_TASK TO COMPLETE_: Excluding pictures, what does the listing below contain from the line with "Άγρια ζώα της Ελλάδας 4." up to and including the line with "Levis Black 501", word for word?
GIVEN ENTRIES below:
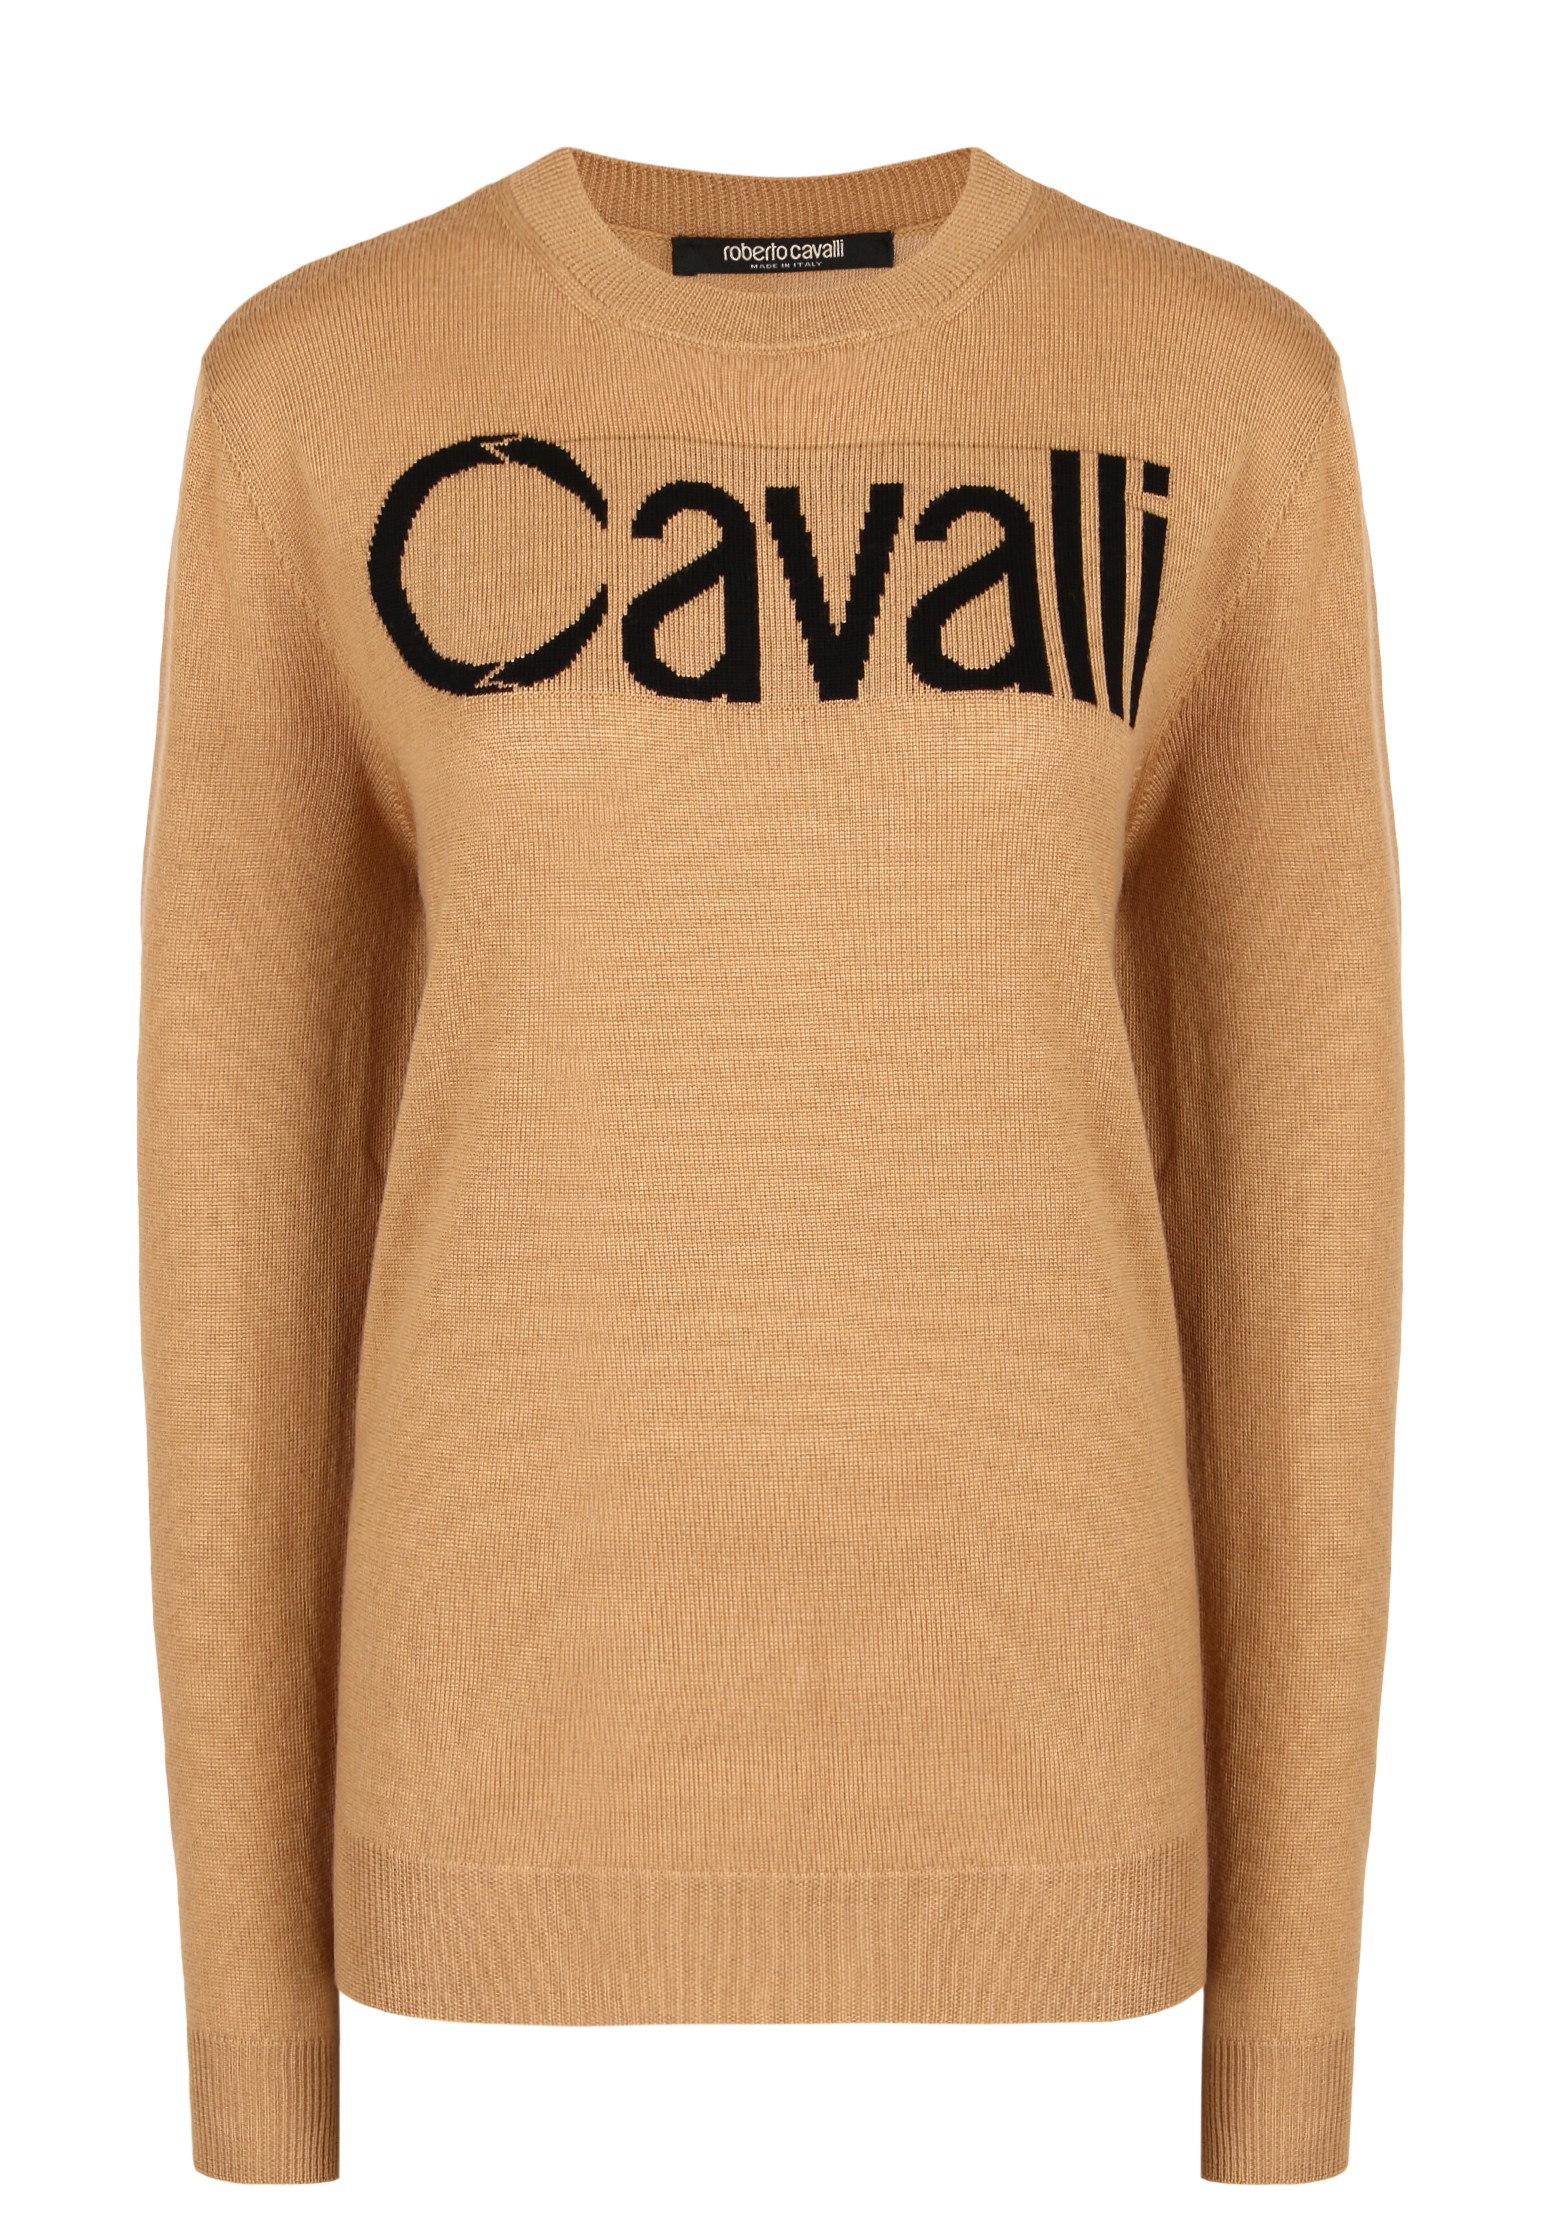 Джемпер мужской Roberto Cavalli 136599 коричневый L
End of GIVEN ENTRIES.
GIVEN ENTRIES below:
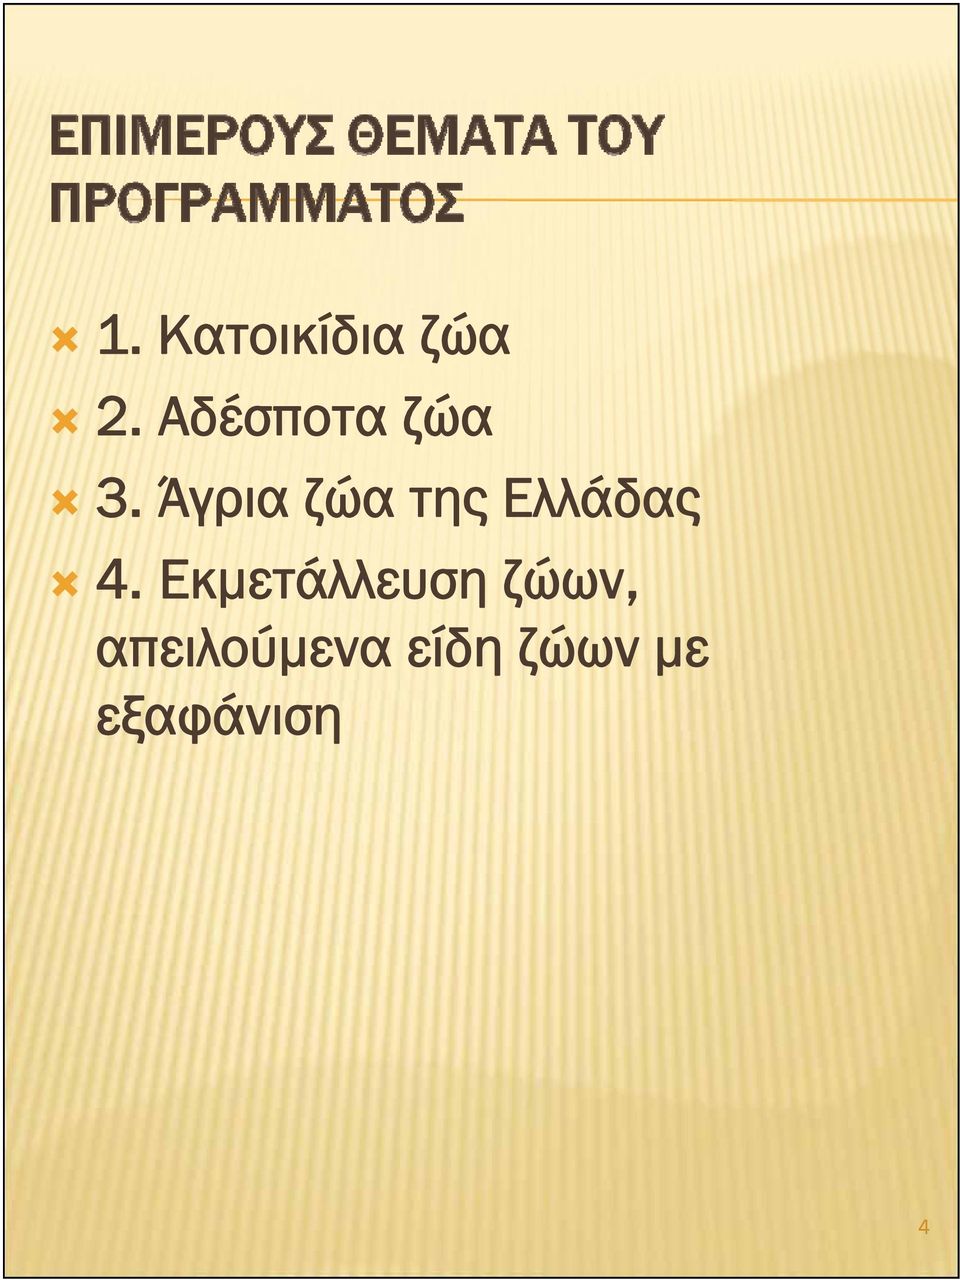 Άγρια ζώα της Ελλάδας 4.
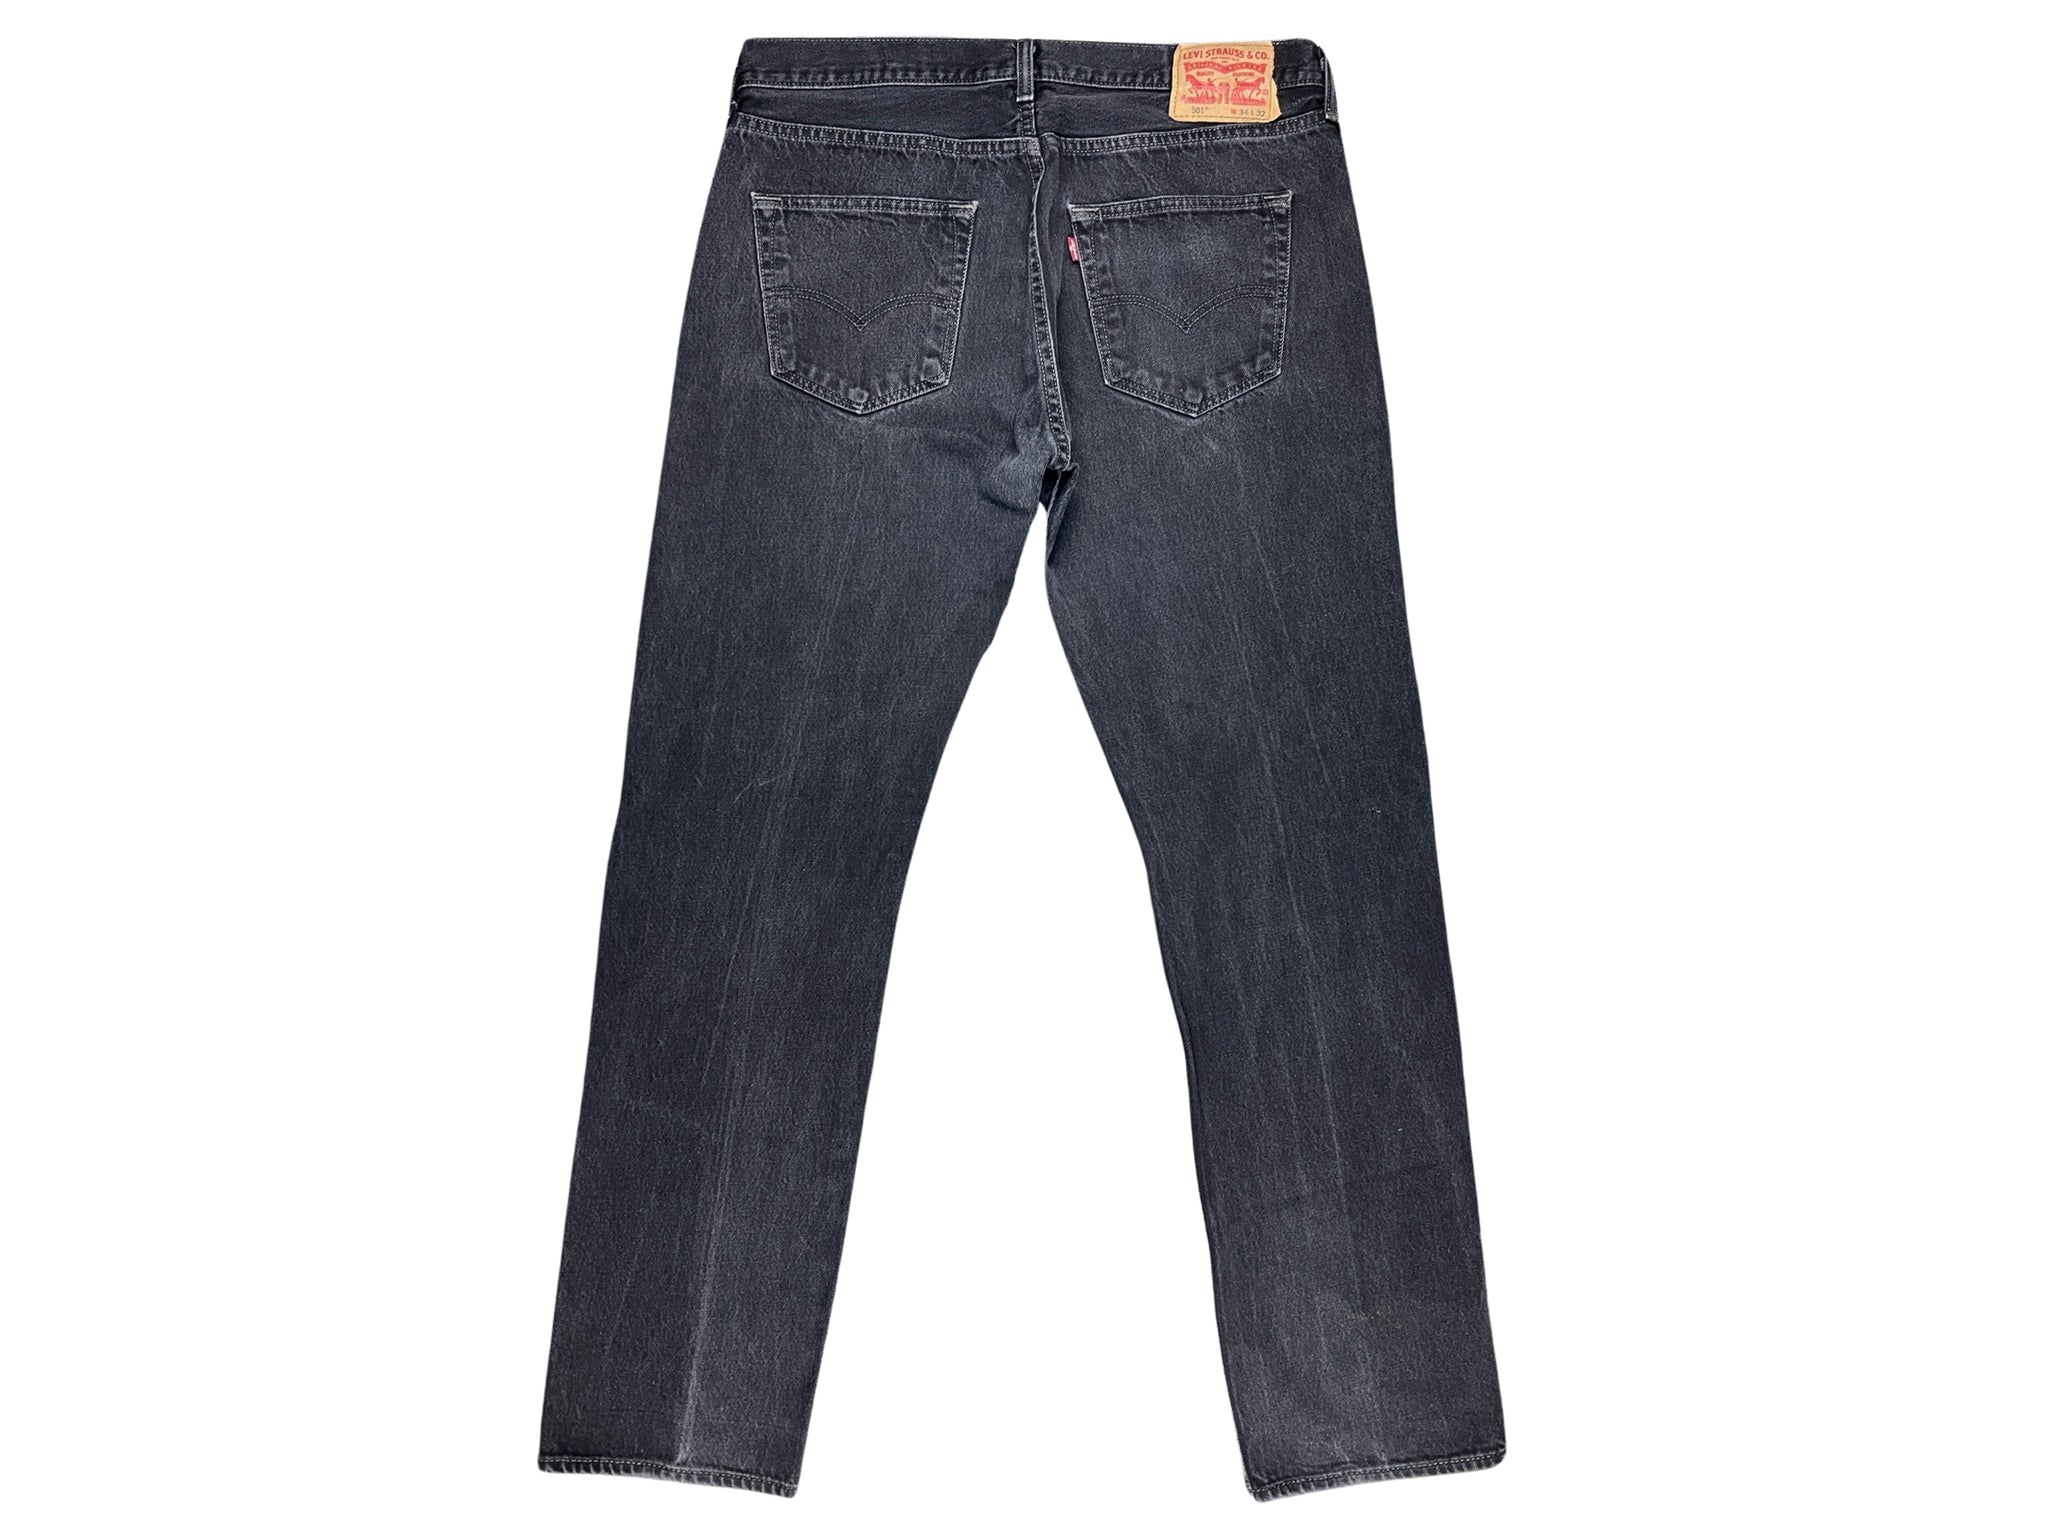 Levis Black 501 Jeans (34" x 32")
End of GIVEN ENTRIES.
GIVEN ENTRIES below:
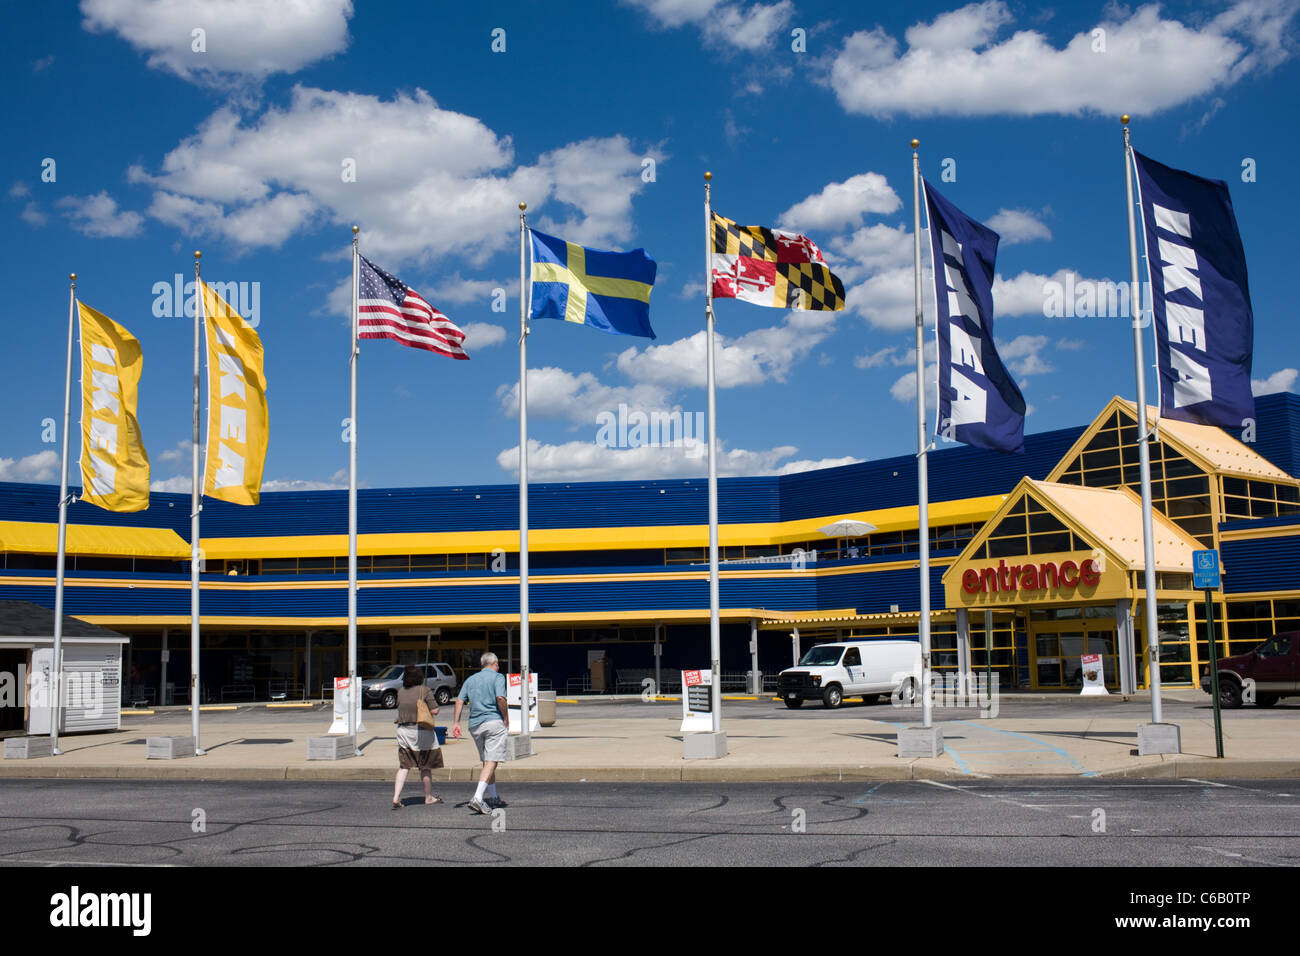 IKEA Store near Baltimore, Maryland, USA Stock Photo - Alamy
End of GIVEN ENTRIES.
_EXERCISE RESPONSE_:
 Άγρια ζώα της Ελλάδας 4.
 Levis Black 501 Jeans (34" x 32")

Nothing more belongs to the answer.